昨晩、早朝から予定が詰まっているから起こしてくれと頼まれた。
だったら控えろ、と言うべきだったのだろうが、どうせこの王は誰かに起こされるまで寝ていたためしがない。
好きにさせることにした。
珈琲の芳香で目覚めると、案の定隣で寝ていたはずの彼は既に起き上がっていて、身支度もほとんど終えていた。
太陽はまだ昇り始めたばかりで、部屋の中は薄暗い。

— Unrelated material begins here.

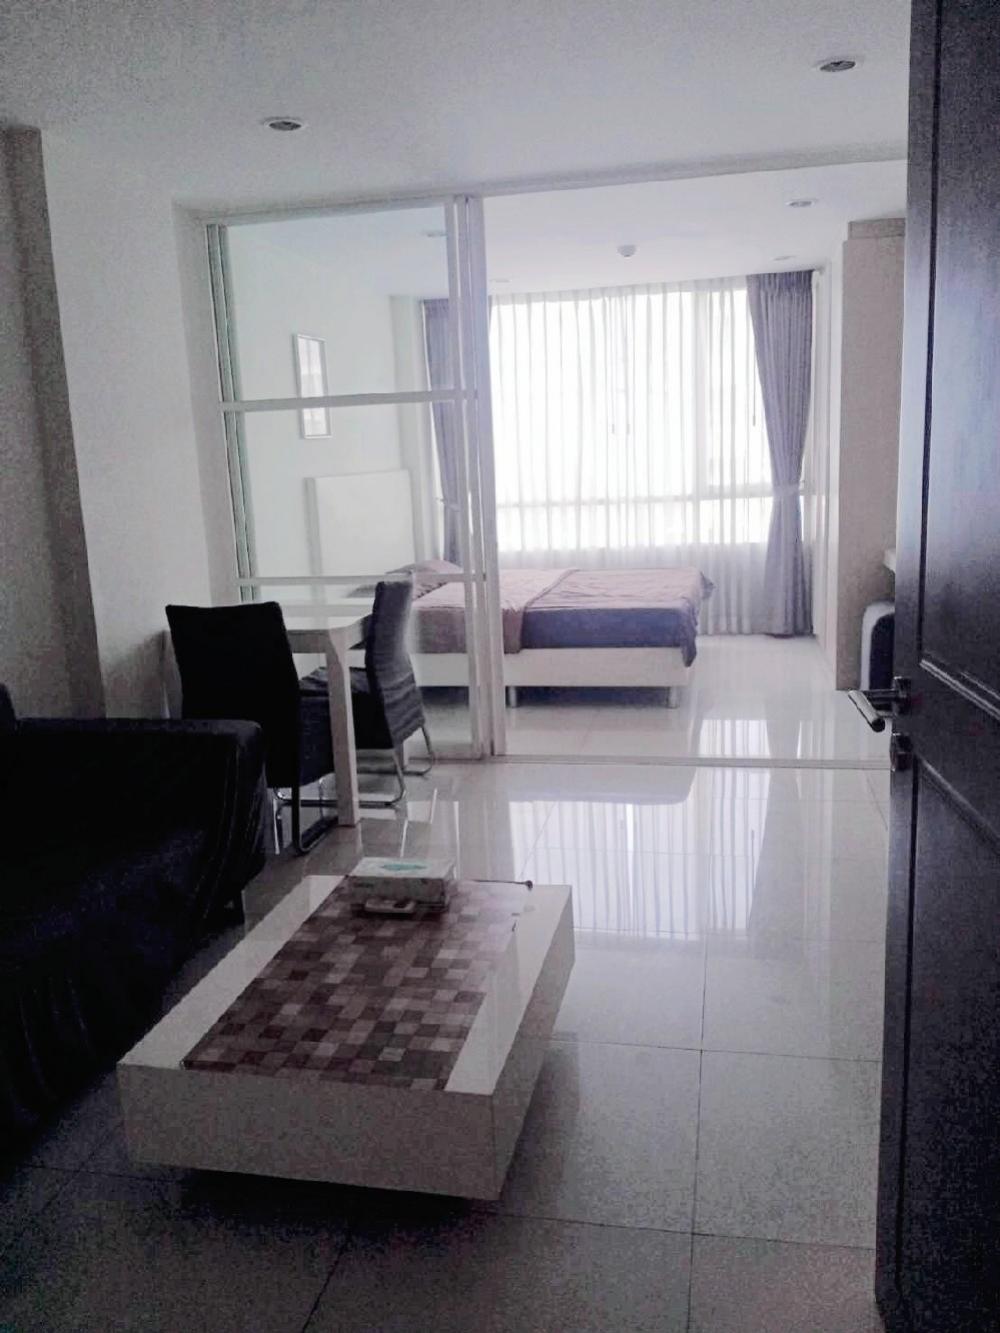 For RentCondoPattanakan, Srinakarin : Available Condo for rent, Element Srinakarin, 1 bedroom, ready to reserve directly from the owner, price only 8,000 baht.

それでもほのかな光を纏って、エドガーのまだ結われていない金髪は輝きを増している。
ベッドの上で、彼が入れた珈琲を受け取り口を付けようとしてやめた。
微かに彼が笑い、部屋の隅のバーカウンターから氷を用意し、口に含んだ。
何をするのかと訝しんでいると軽い力で顎を持ち上げられ、溶けかけた氷を口移しされた。
薄い、珈琲の、味。
再びエドガーは氷を2つ取りカップに入れた。
「濃いめに入れたからな。ちょうどいいはずだ」
そのまま部屋を出ようとした彼を引き止めた。
髪を結わえるリボンはまだ俺の手の中にあったから。
椅子を用意させ、髪をリボンで結んでやる。
振り返り満面の笑みを浮かべた彼の双眸を見つめたまま、カップに口を付けそのままエドガーに含ませた。
「…薄いな」
多分俺は、唇の端だけで笑っていたと思う。
口づけたときの、あのエドガーの表情。
俺だけが知っている。
部屋を出る彼の背中を見送って、氷の溶け切った珈琲を、そっと飲み干した。